Requirements for making follow-on offering of a public company in Vietnam
According to the new regulations passed by the National Assembly on the field of securities, what requirements must a public company making follow-on offering meet?
Requirements for making follow-on offering of a public company in Vietnam (Image from the Internet)
Pursuant to Clause 2, Article 15 of the Securities Law 2019 (Effective January 1, 2021) stipulating requirements for making follow-on offering of a public company:
- The contributed charter capital is at least 30 billion VND on the offering date according to the accounting books;
- There is a plan for issuance and use of capital generated by the offering ratified by the General Meeting of Shareholders;
- The issuer is not undergoing criminal prosecution and does not have any unspent conviction for economic crimes;
- The offering is consulted by a securities company, unless the issuer is already a securities company;
- The issuer has a commitment to have its shares listed or registered on the securities trading system after the end of the offering;
- The issuer has an escrow account to receive payments for the offered shares.

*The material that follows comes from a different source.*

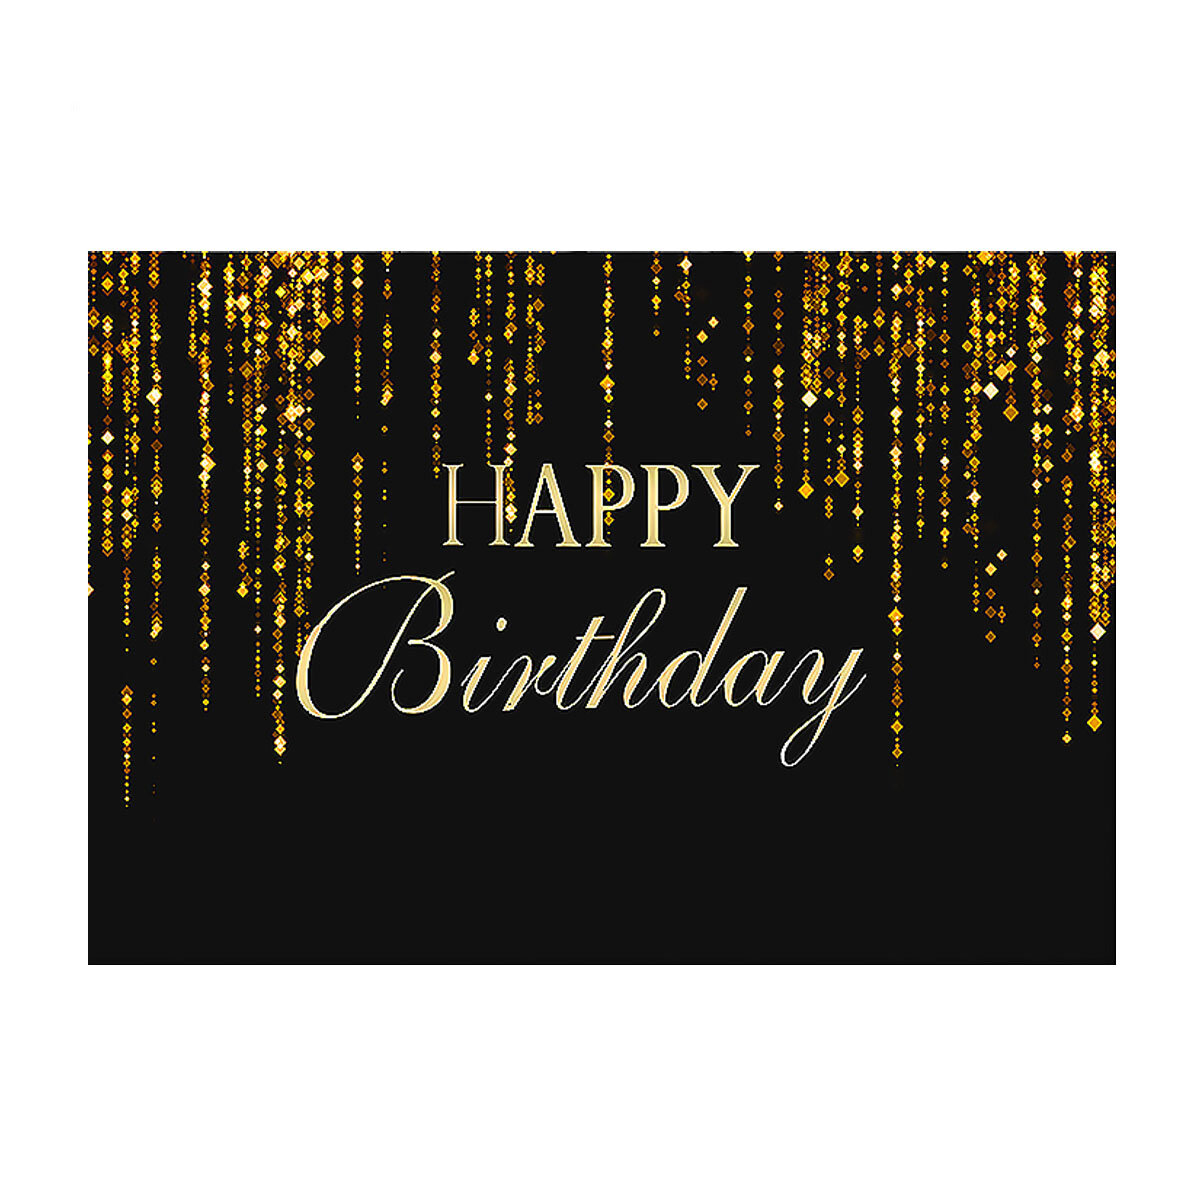 Happy Birthday Photography Backdrops Glitter Sequin Spots Background Cloth for Party Photograph Back

- The company has profit in the preceding year and has no accumulated loss on the offering date;
- The value of the new shares does not exceed the total value of shares outstanding at their face value, unless there is a commitment to buy all of the shares of the issuer for reselling or to buy all of the unsold shares of the issuer, shares issued to raise more capital from equity, shares issued for swapping, consolidation or acquisition of enterprises;
- If the public offering is meant to raise capital to execute a project of the issuer, at least 70% of the offered shares must be sold to the investors. The issuer shall have a plan to make up for the shortage in case the capital generated by the offering is inadequate.